Course:CICS525/Notes/Consistency-1

Introduction

Consistency
Consistency models
- Strict consistency
- Sequential consistency

Replicated data a huge theme in distributed systems

For performance and fault tolerance
Often easier to replicate data than computation
Examples:
- Caching of web pages (Web browser)
- memcached for web servers
All these examples involve optimizations for performance
- How do we know if an optimization is correct?
- We need to know how to think about correct execution of distributed programs.
Most of these ideas from multiprocessors and databases 20/30 years ago.
For now, just correctness and efficiency, not fault-tolerance.

Replicating content that isn't modified (or has a single writer) is "simple"
- See, for example, Web browser
- Browser obeys HTTP expiration directive and last-modified
More interesting with multiple writers!

Naive distributed memory

(diagram that you can draw)
CPU0, CPU1, CPU2, network
each host has a local copy of all of memory
read: from local memory
write: send update msg to each other host (but don't wait)
fast: never waits for communication
Does this memory work well?
Example 1:

CPU0:
  v0 = f0();
  done0 = true;
CPU1:
  while(done0 == false)
   ;
  v1 = f1(v0);          
  done1 = true;
CPU2:
  while(done1 == false)
   ;
  v2 = f2(v0, v1);

Intuitive intent:
- CPU2 should execute f2() with results from CPU0 and CPU1
- waiting for CPU1 implies waiting for CPU0
Example 1 won't work with naive distributed memory:
- Problem A:

[time diagram]
CPU0's writes of v0 and done0 may be interchanged by network
leaving v0 unset but done0=true

- how to fix this problem?
- Problem B:

[time diagram]
CPU2 sees CPU1's writes before CPU0's writes
i.e. CPU2 and CPU1 disagree on order of CPU0 and CPU1 writes

- how to fix?
Naive distributed memory is fast but has unexpected behavior
- maybe it isn't "correct"
- maybe we should never have expected Example 1 to work

Time synchronization and challenges

Global time sync can help resolve some consistency issues in a distributed system
A global clock is hard to implement
Protocols such as NTP may sometimes not offer sufficient precision

How can we write correct distributed programs with shared storage?

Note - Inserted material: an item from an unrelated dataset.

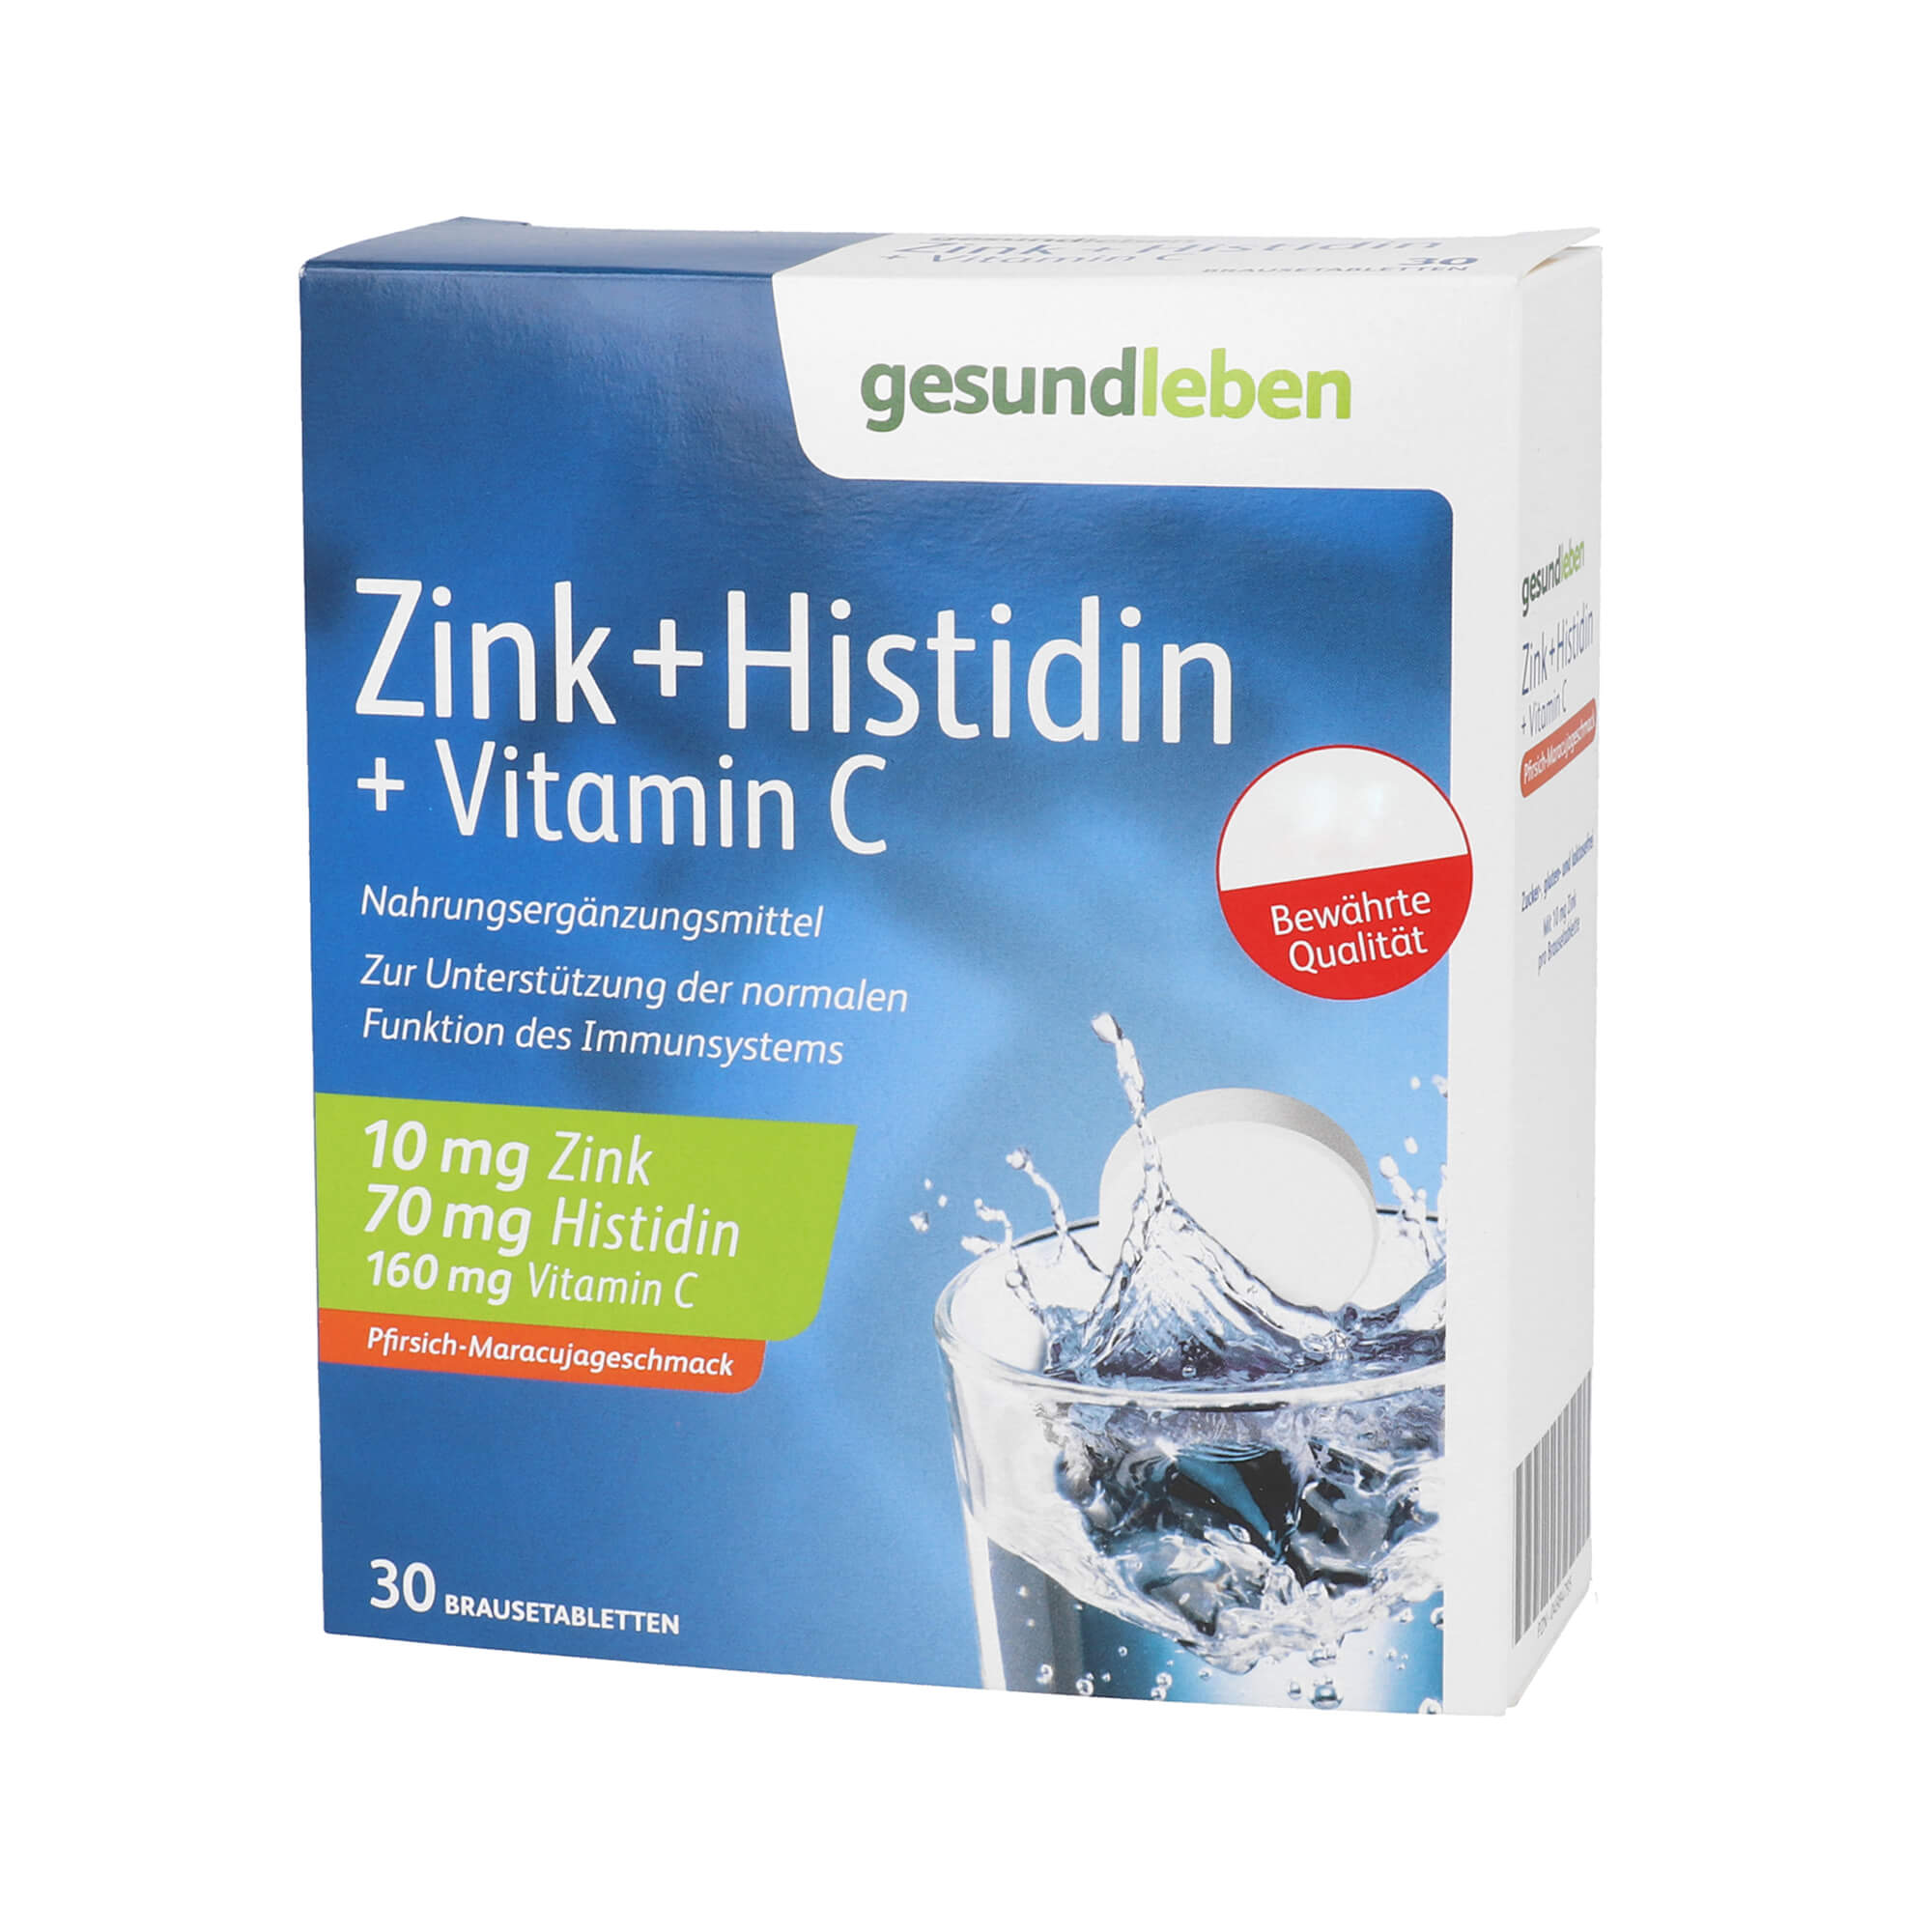 Nahrungsergänzungsmittel mit Zink + Histidin + Vitamin C. Mit Pfirsich-Maracujageschmack.
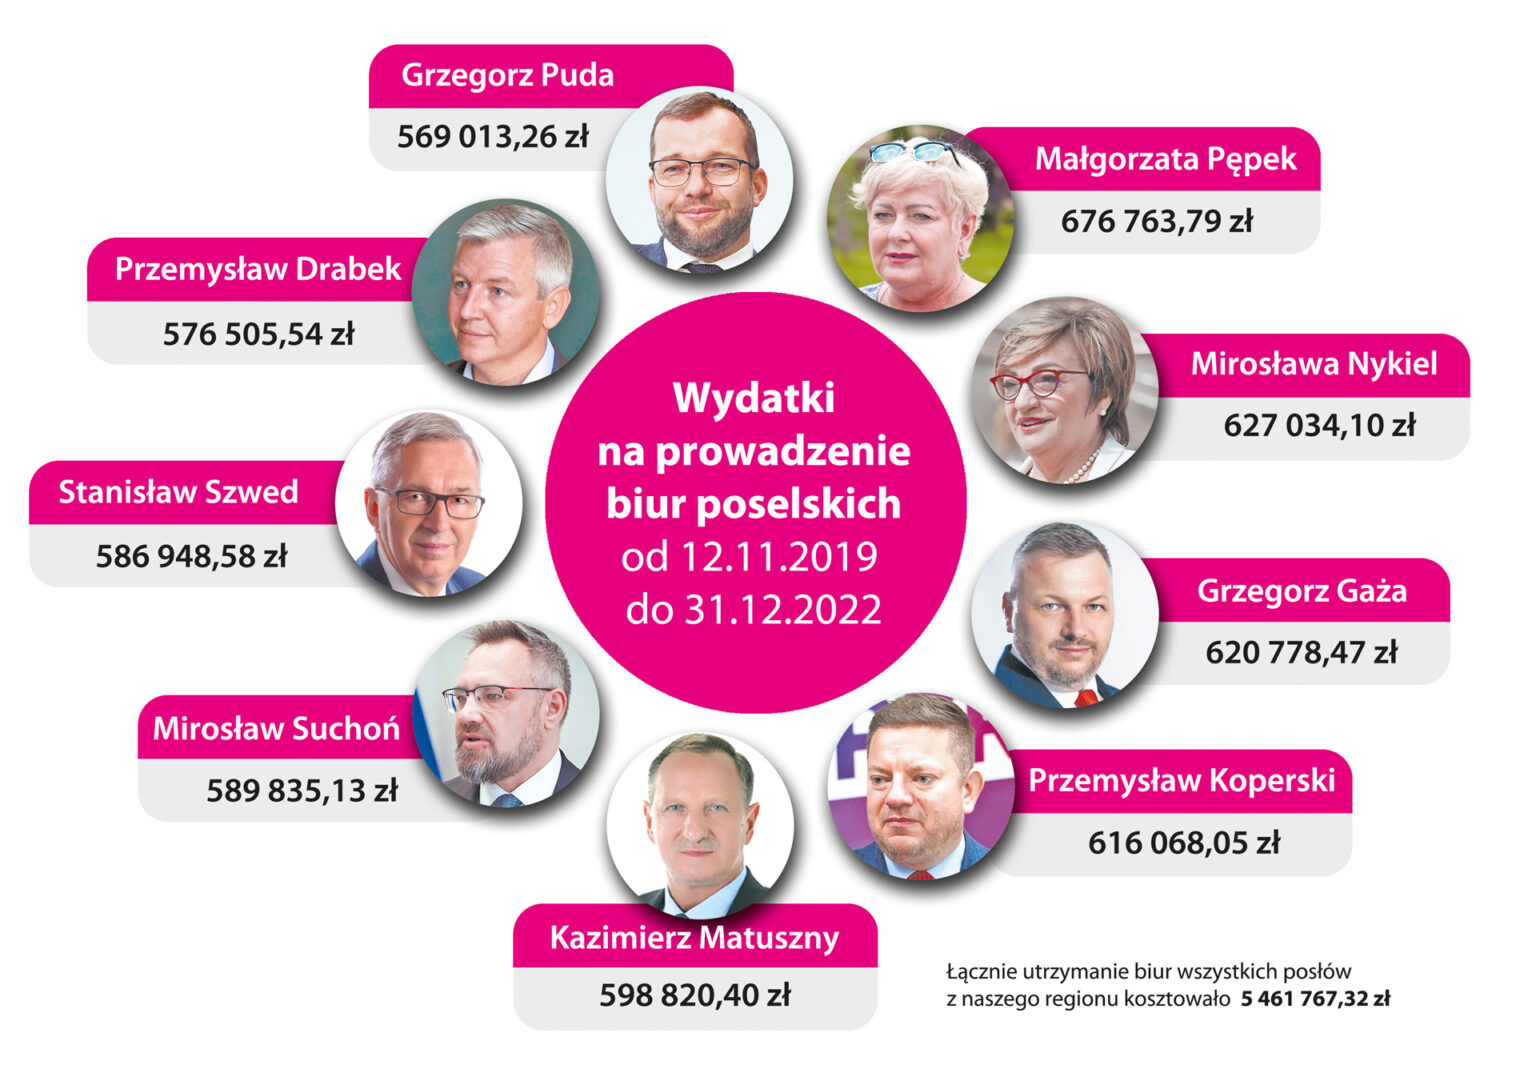 beskidzka24.pl – Rozrzutny jak poseł? Oto, kto jest najlepszym pracodawcą i najemcą, a kto największym gadżeciarzem i florystą!

Memory system promises to behave according to certain rules.
We write programs assuming those rules.
Rules are a "consistency model"
Contract between memory system and programmer

What makes a good consistency model?

There are no "right" or "wrong" models
A model may make it harder or easier to program
- i.e. lead to more or less intuitive results
A model may be harder or easier to implement efficiently
- Also application dependent
- A consistency model for Web pages different than for memory

How about "strict consistency"

each instruction stamped with its start time (global time)
Rule 1: LD gets value of most recent previous ST to same address
Rule 2: each CPU executes instructions one at a time, in order
Essentially the same as on uniprocessor
Very intuitive consistency model
Would strict consistency avoid problem A and B?
- How do you implement strict consistency?

 Time:  1  2  3  4
 CPU0:  ST       ST
 CPU1:     LD LD

- Time between instructions << speed-of-light between CPUs!
- How is LD@2 even aware of ST@1?
- How does ST@4 know to pause until LD@3 has finished?
- How does ST@4 know how long to wait?
- Too hard to implement!

A reasonable model: sequential consistency

Is an execution (a set of operations) correct?
There must be some total order of operations such that

each CPU's instructions appear in-order in the total order
all CPUs see results consistent with that total order

- i.e. reads see most recent write in the total order

A sequentially consistent system would not have Problems A/B
- Problem A

   CPU0's execution order was v0= done0=
   CPU1 saw done0= v0=
   each CPU's operations must appear in execution order
   so cannot happen w/ sequential consistency

- Problem B

   CPU1 saw v0= done0= done1=
   CPU2 saw done1= v0=
   this cannot occur given a single total order
   so cannot happen w/ sequential consistency

Better performance than strict consistency
- System has some freedom in how it interleaves different CPUs' ops
- not forced to order by op start time, as in strict consistency
- system can delay a read or write while it finds current values

Performance is still not great
- Once the system reveals a written value to a read operation, the system has committed to a little bit of partial order. this may have transitive effects.
- example: system can delay revealing CPU1's done1=true to CPU2, but once revealed, must also reveal CPU0's writes. So the system only has freedom in ordering concurrent operations ones that haven't been observed yet

A simple implementation of sequential consistency
- each CPU sends R/W operations to a single memory server
- memory server chooses order (interleaves requests from diff CPUs)
- server executes operations one at a time, sends R replies

Simple implementation will be slow
- single server will get overloaded
- no local cache, so all operations are slow
- each CPU must usually block waiting for each read reply